Work task. Reproduce the listing below character for character; drop every image.

Data segment.
* * * * *

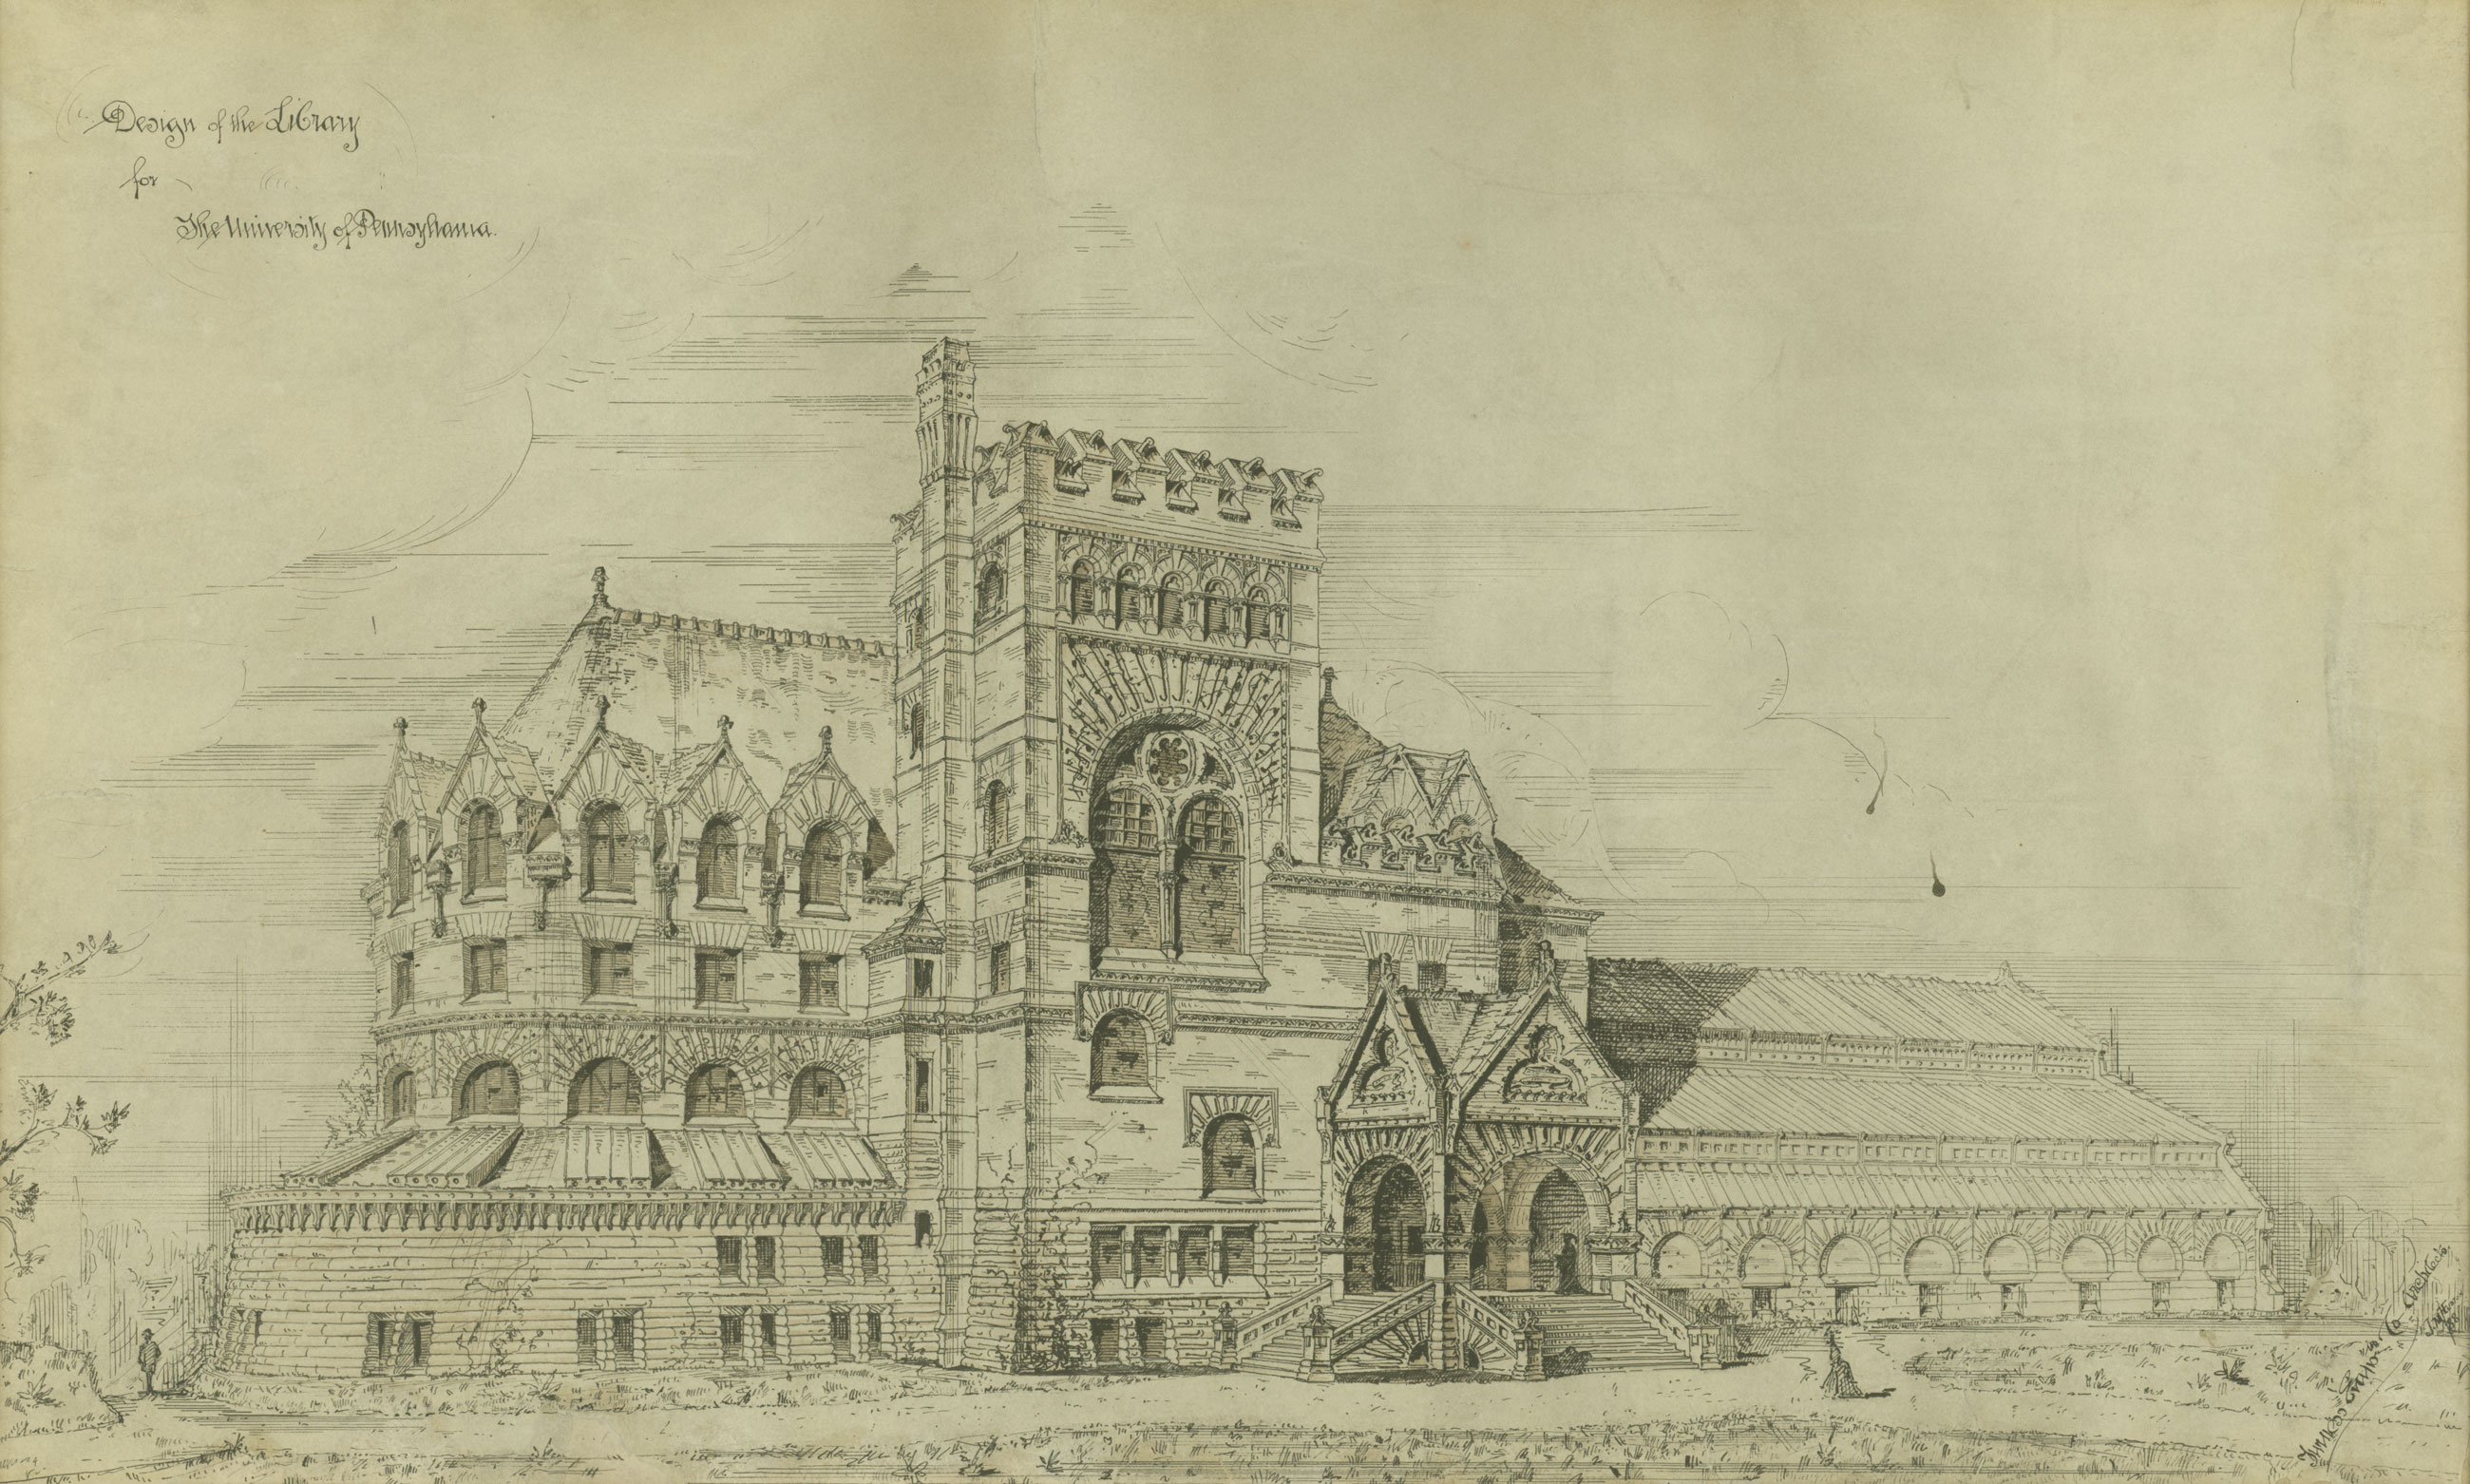 Sketch of the Fisher Fine Arts library building
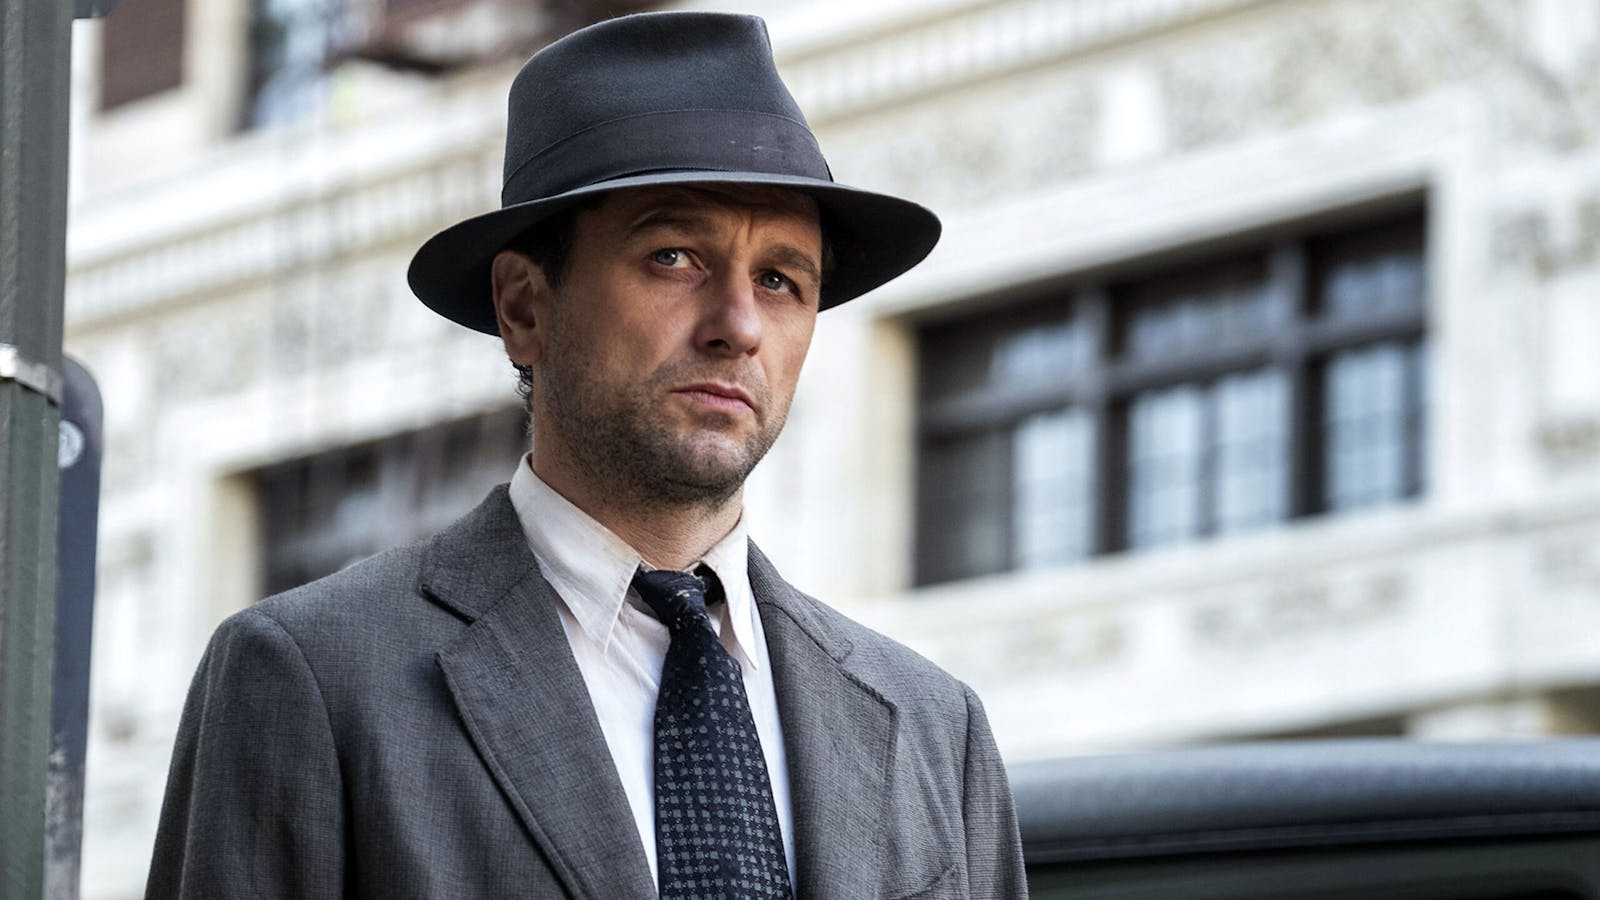 The actor Matthew Rhys, who plays the lead role in HBO's Perry Mason. Photo by HBO
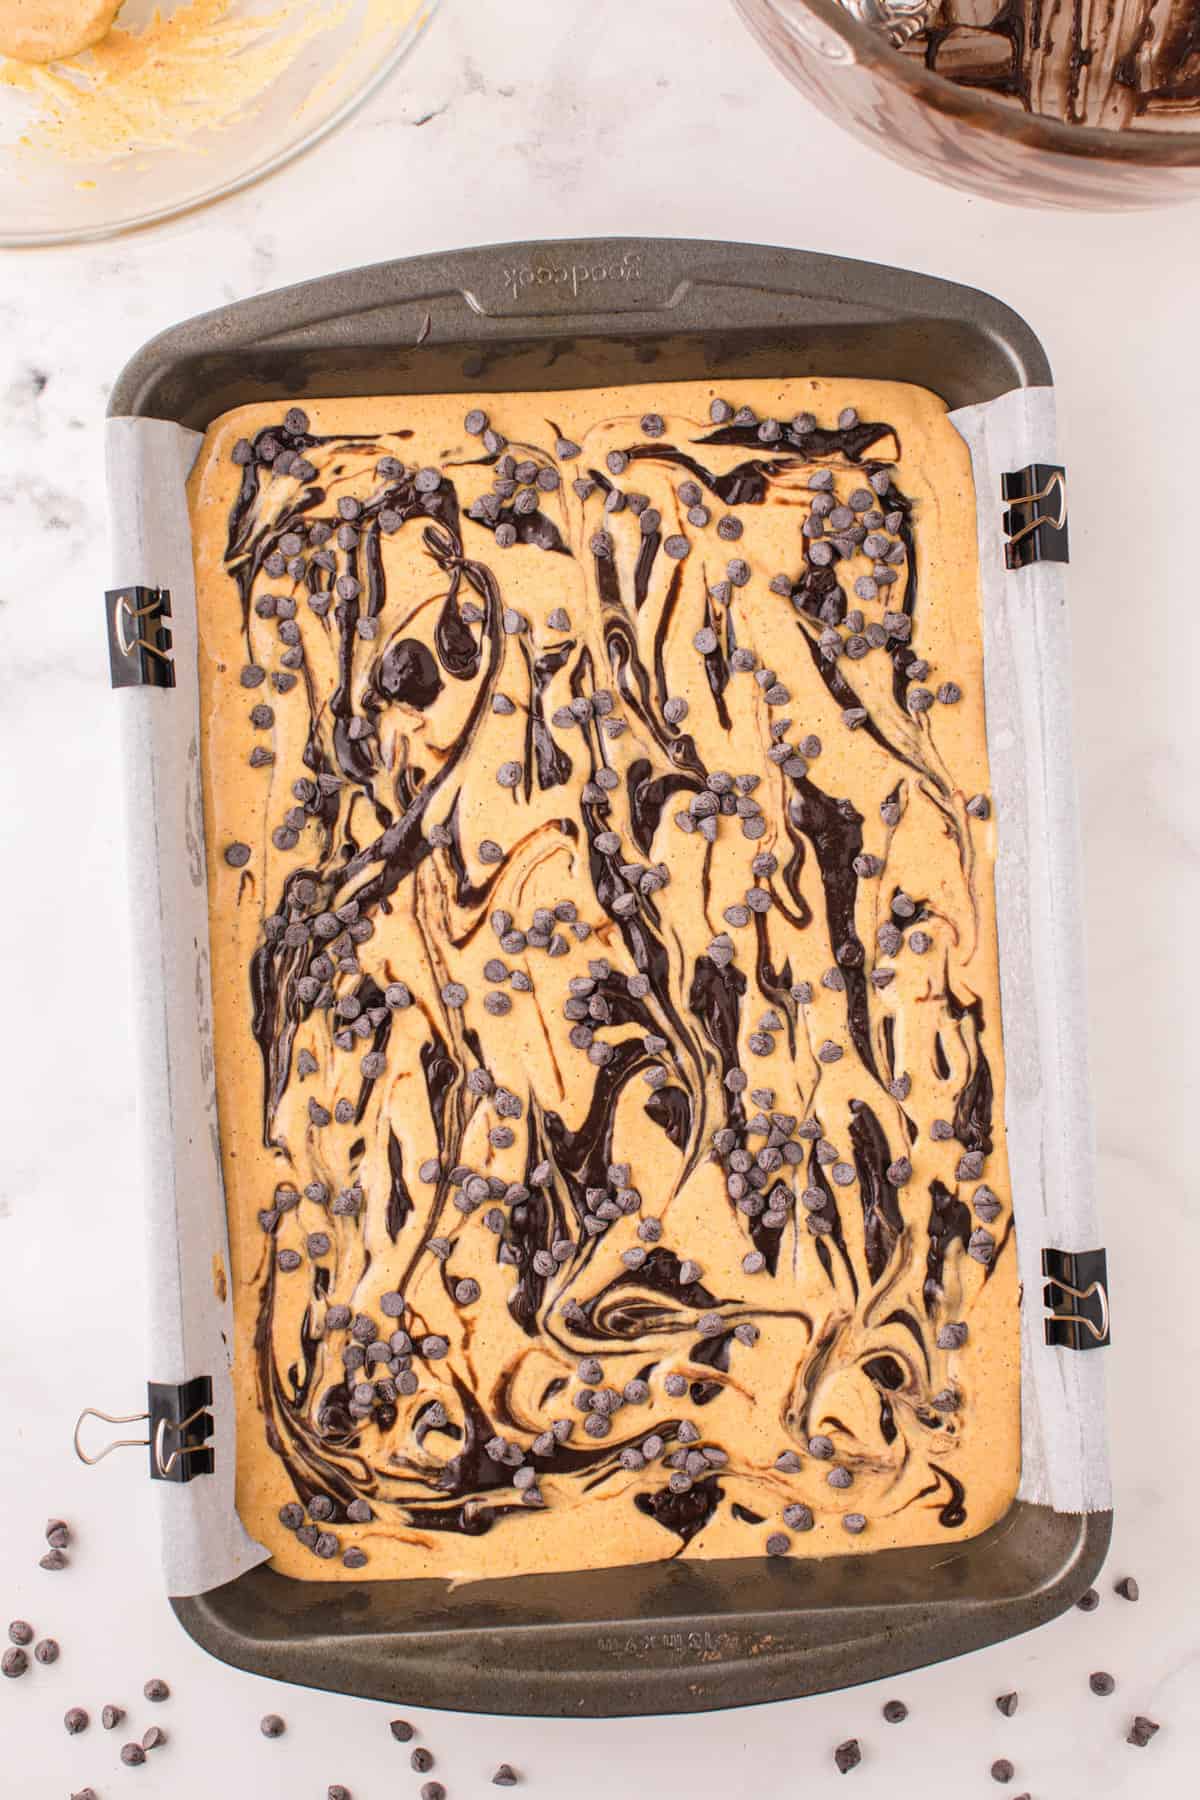 Swirling brownie mixture with mini chocolate chips on top of layers for Pumpkin Brownies Recipe

* * * * *

Answer box.
 Sketch of the Fisher Fine Arts library building
 The actor Matthew Rhys, who plays the lead role in HBO's Perry Mason. Photo by HBO
 Swirling brownie mixture with mini chocolate chips on top of layers for Pumpkin Brownies Recipe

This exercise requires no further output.